Sunday, October 25, 2020

Albums of The Year # 62 The Hanging Stars - A New Kind of Sky

 I was diue to see this lot play in March in a small pub in Gosforth, Newcastle. Then Lockdown happened.


From the opening bars of their latest album A New Kind of Sky.It's fairly clear exactly where The Hanging Stars are coming fromThey inhabit utterly the territory called Cosmic Country, in this case the patch once occupied by Gram Parsons and the countrified Byrds and first brought forth on albums like The Notorious Byrd Brothers and Gilded Palace of Sin.



Theirs is a gorgeous, swirling awestruck sound. The band, and they're from London not California or Texas, are fine musicians one and all and they understand exactly how to hold back as required and let the music flow from them with a measured, unhurried step. This is a record made by people who know all too well what they want to do and how to go about doing it.



Being in awe of a particular kind of music and setting out to recreate what makes it so special is not always the easiest trick to pull off. Bands as good as Ride and The Rockingbirds have in the past have fallen into the trap of being too reverent to similar source material and failing to bottle the magic they sought to capture.


The Hanging Stars do very well in this respect on A New Kind of Sky. Purely and simply because the songs on here are very good ones and they're not merely trying to catch a lift on a time machine taking us back to '68 or '69. This is a record that sounds just fine in the here and now and manages to be more than pastiche or period piece despite its unashamed influences.

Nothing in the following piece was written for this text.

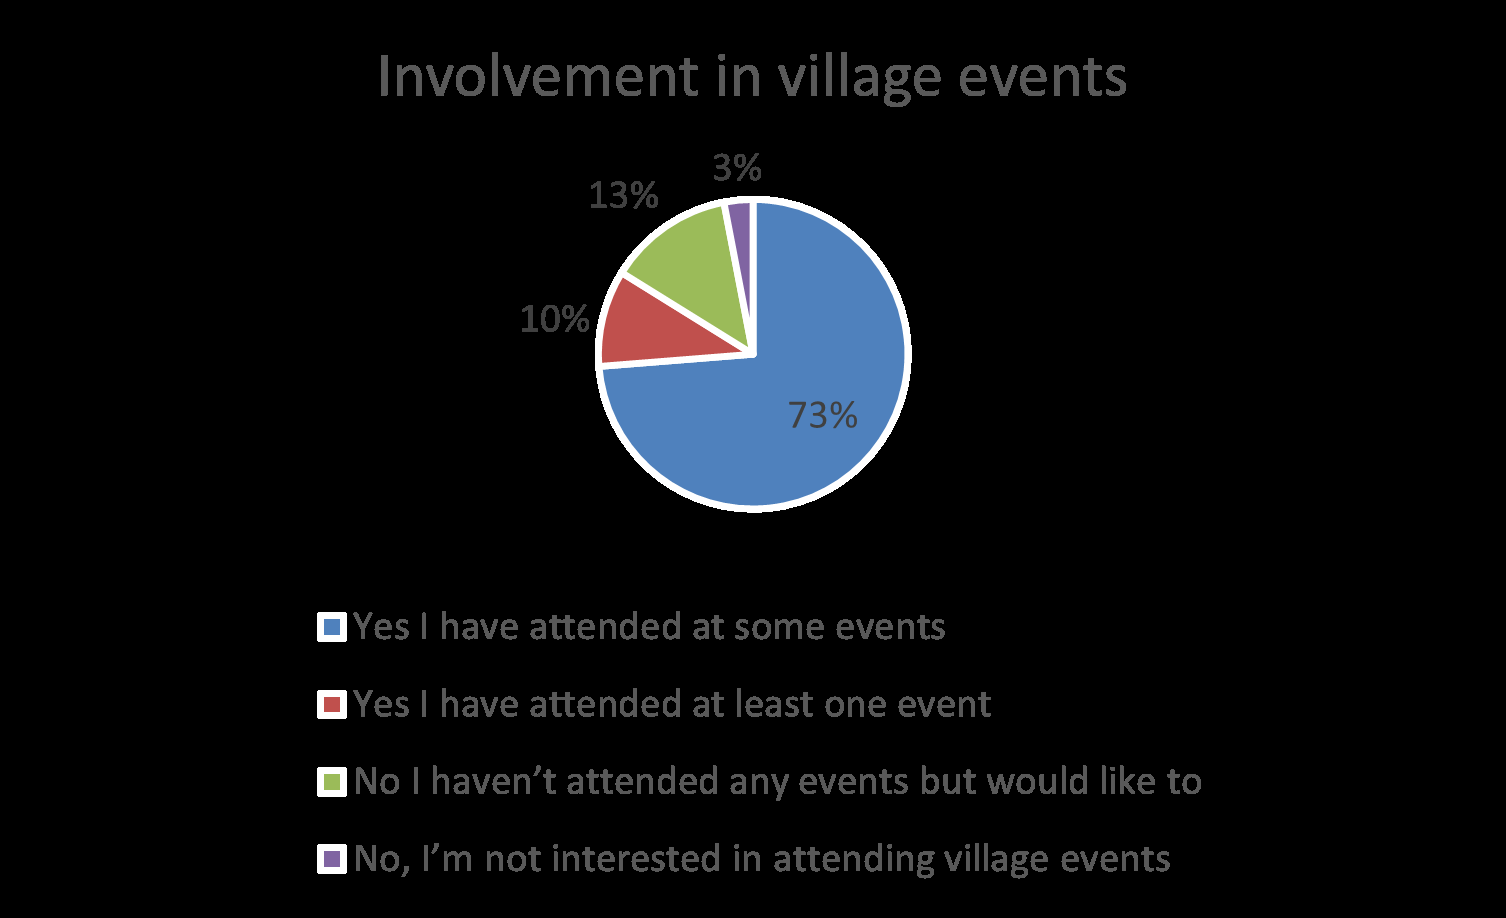 Involvement in village events pie chart

The songs sound just fine and dandy and with a couple of exceptions towards the end of the record cast a spell and hold it. No real surprise that there's nothing here good enough to grace the albums mentioned above but there's certainly much to enjoy and possibly send you back to the originals to discover just how great they were once more. On Three Rolling Hills they conjour up the mariachi spirit of prime time Love, on (I've Seen) The Summer in Her Eyes they remind the listener of just how special The Byrds were at their peak.


Track after track flows with convinced momentum. The band have an ace in their hands in the shape of steel fiddle player Joe Harvey-Whyte and his deft touches inspire moments where the band seem to defy gravity and allow their songs to float in the ether.


The Hanging Stars are a fine band and this is a class record. It seems that they're destined to remain a cult concern as this kind of music is something of a niche concern these days. They're playing in a pub just down the road from me a week on Saturday and I'll do my best to be there because judging by this they'd really be something special in a small room. In the meantime, this will more than do.